Charania briefly worked as a financial analyst for J.P. Morgan. His first major poker title came in 2012 at the EPT Grand Final in Monte Carlo, where he won €1,350,000. On the WPT Charania has 25 cashes and made five final tables. In 2013, he won his first WPT title at the Grand Prix de Paris. His second WPT win came in 2014 at the Five Diamond World Poker Classic, earning $1,477,000.

Charania first cashed at the WSOP in 2009. In total he has 43 cashes and made three final tables. In 2017 he won his first WSOP bracelet in a $1,500 No Limit Hold'em event.

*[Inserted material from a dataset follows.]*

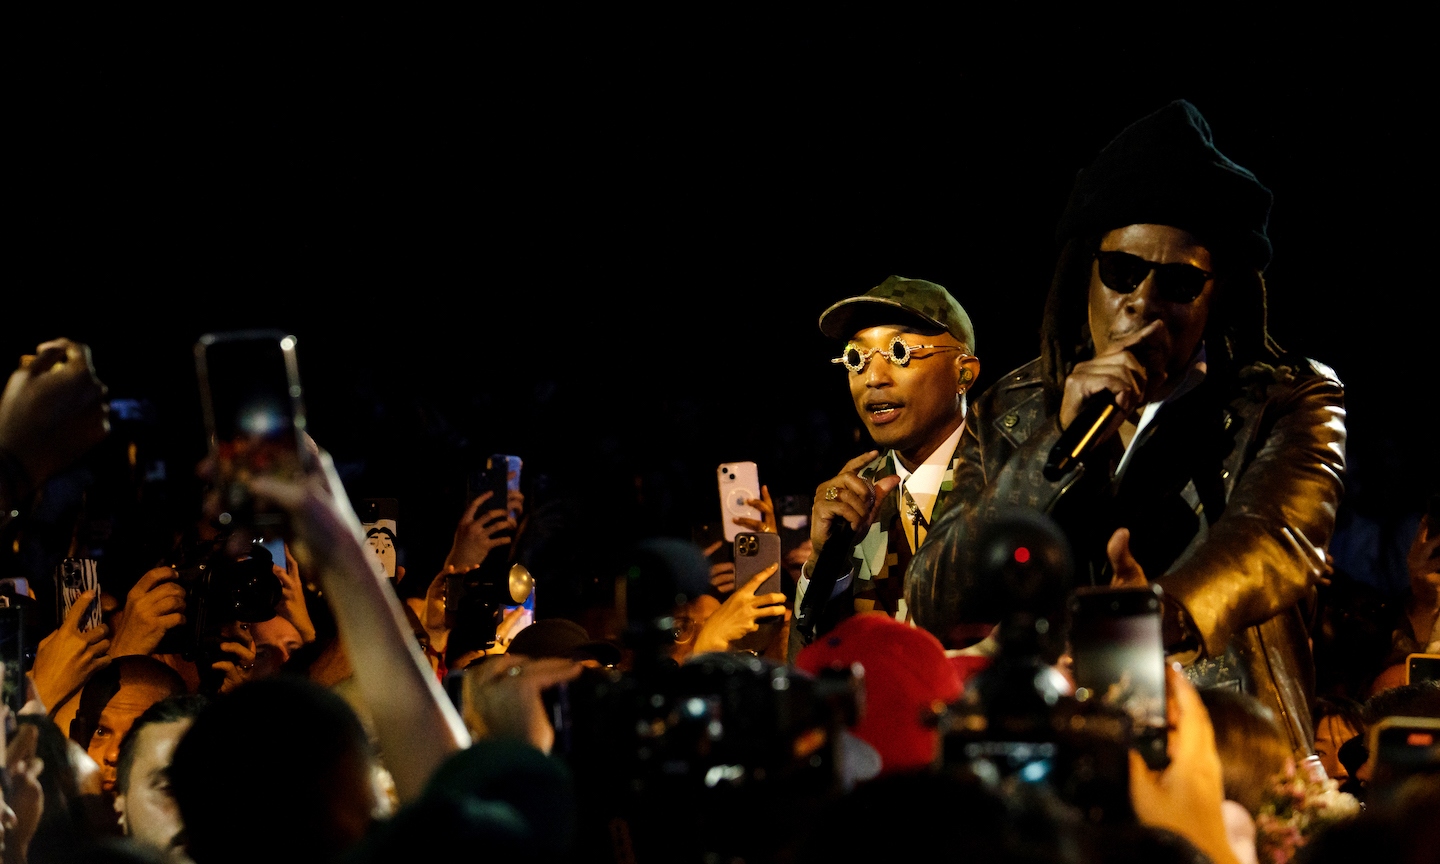 Pharrell Williams' highly anticipated debut show for Louis Vuitton
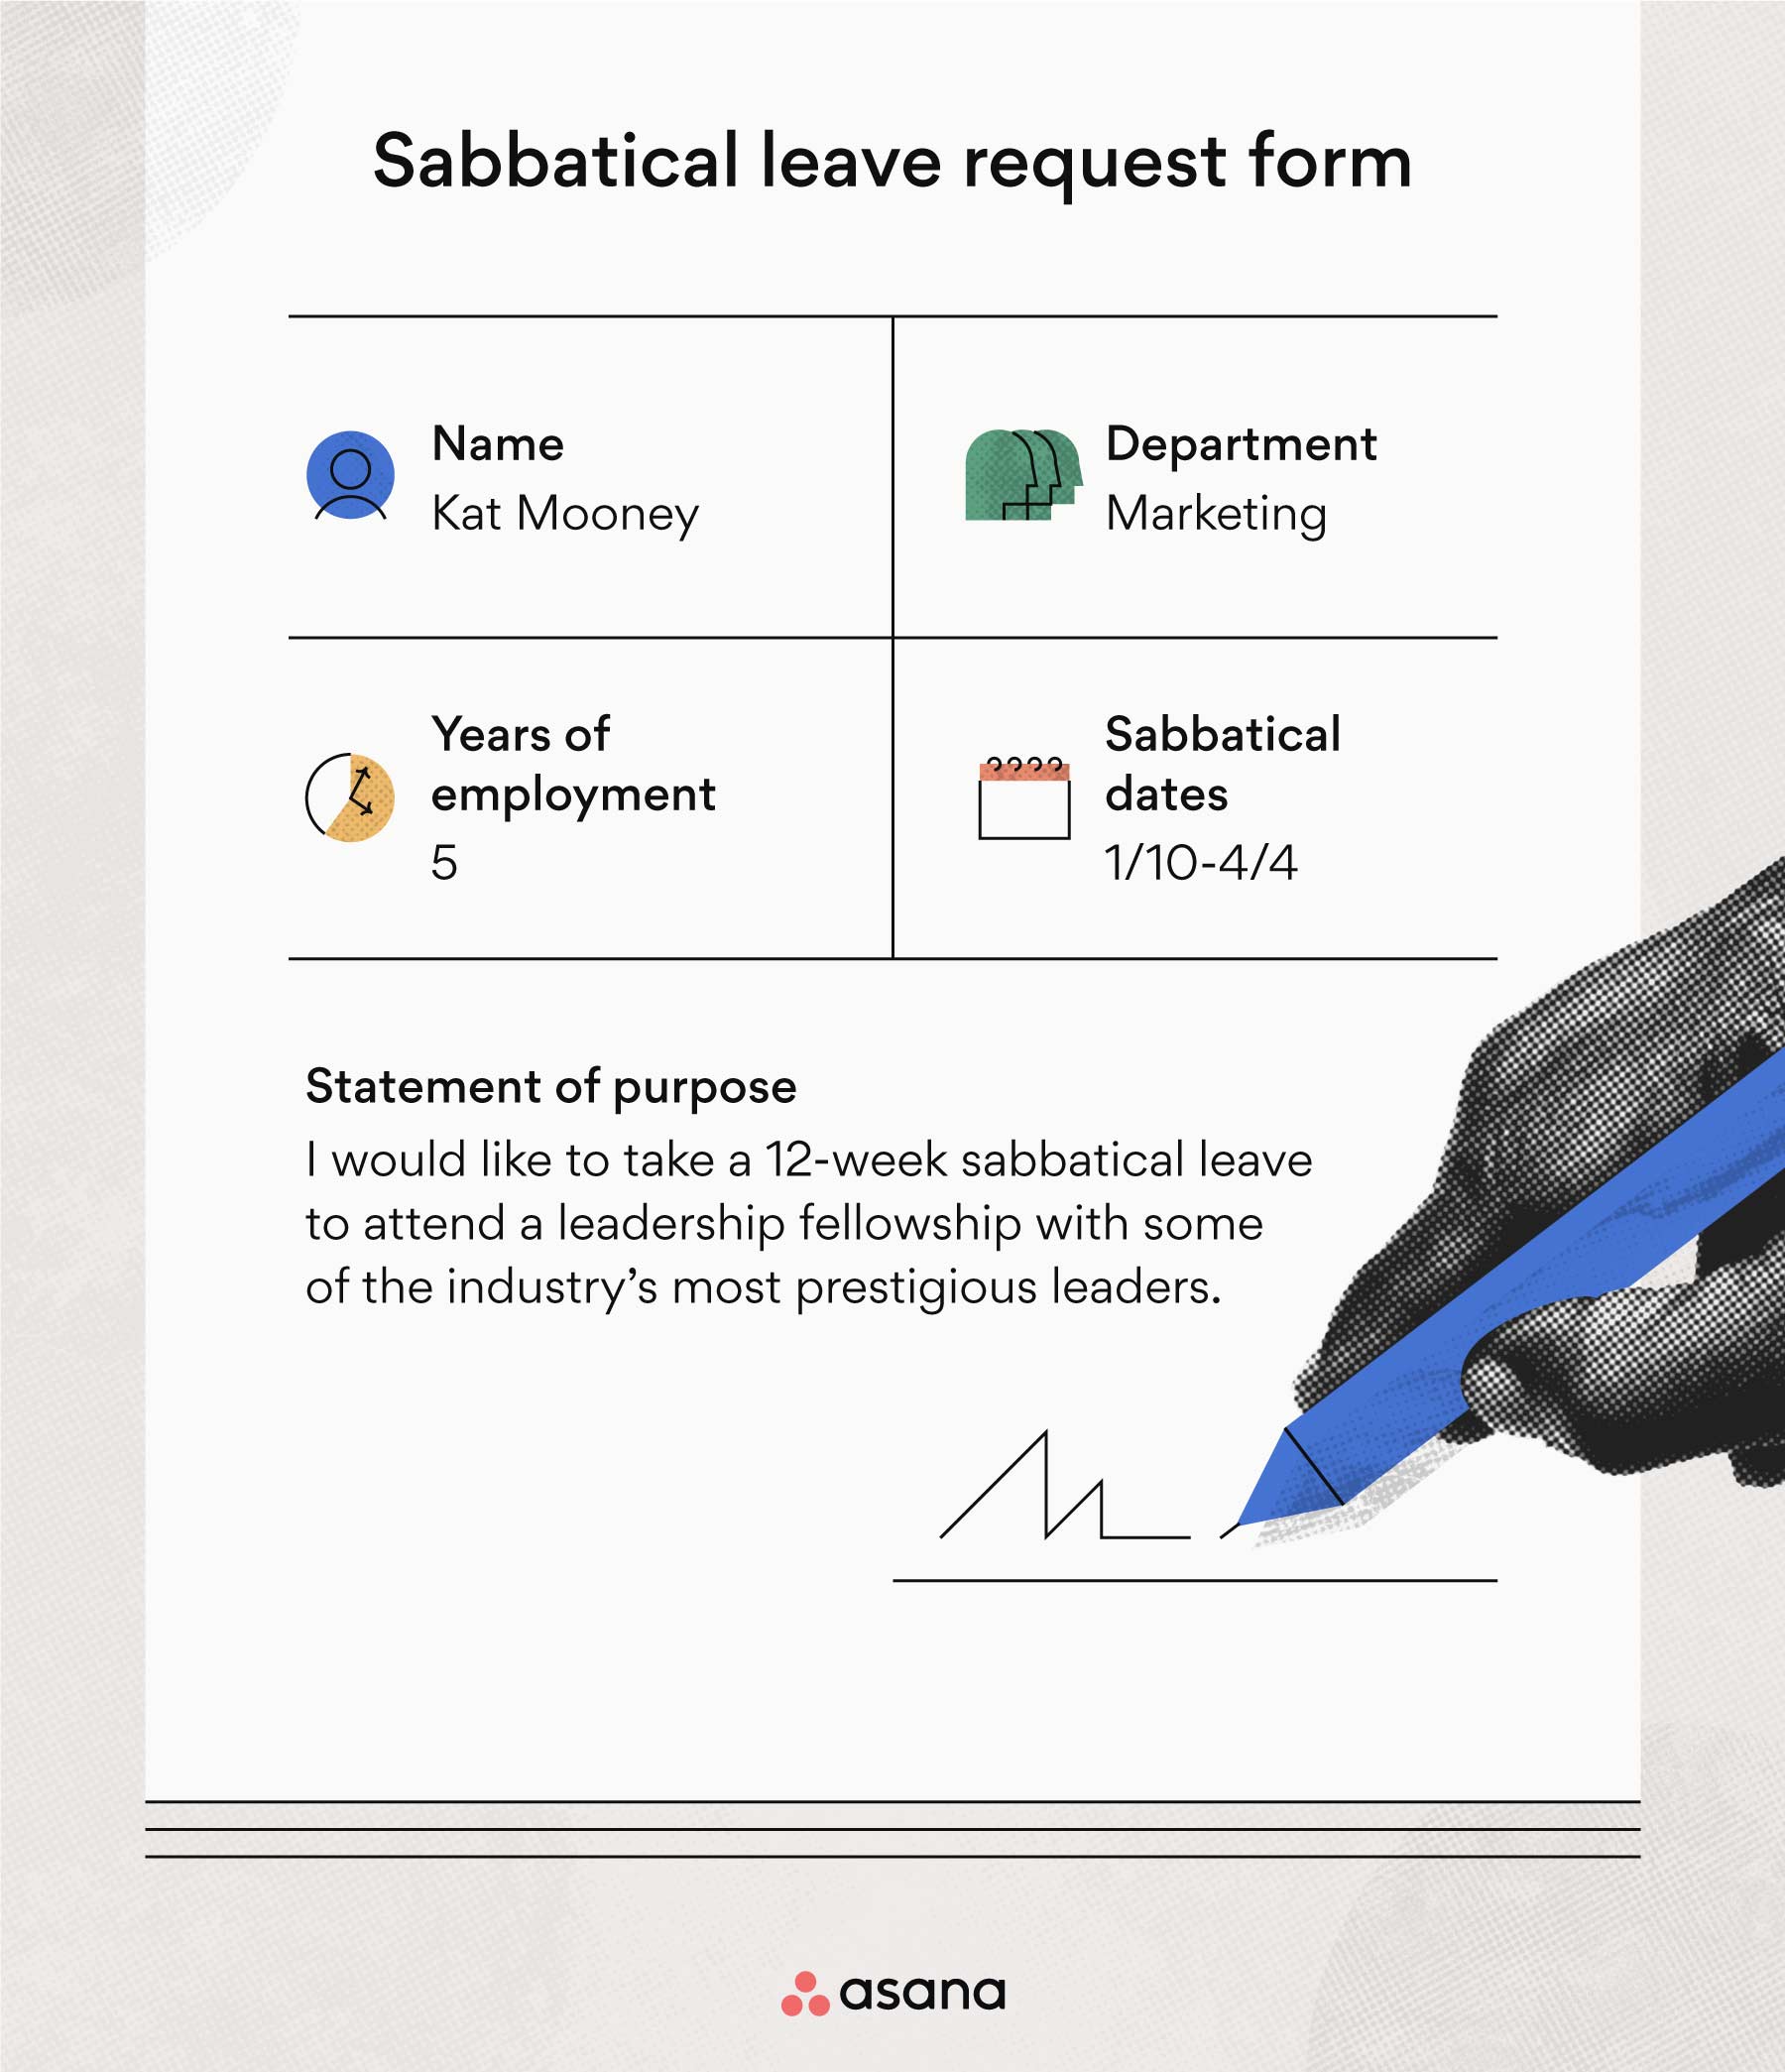 How to submit a sabbatical request

The win allowed him to complete poker's Triple Crown, becoming the sixth player to accomplish the feat.

Playing under the names "chicagocards1" and "sms9231", Charania has online winnings of nearly $6,000,000. In 2010 he won a Spring Championship of Online Poker event.

As of 2017, Charania's total live winnings exceed $5,618,000. His WSOP cashes account for $807,000 of those earnings.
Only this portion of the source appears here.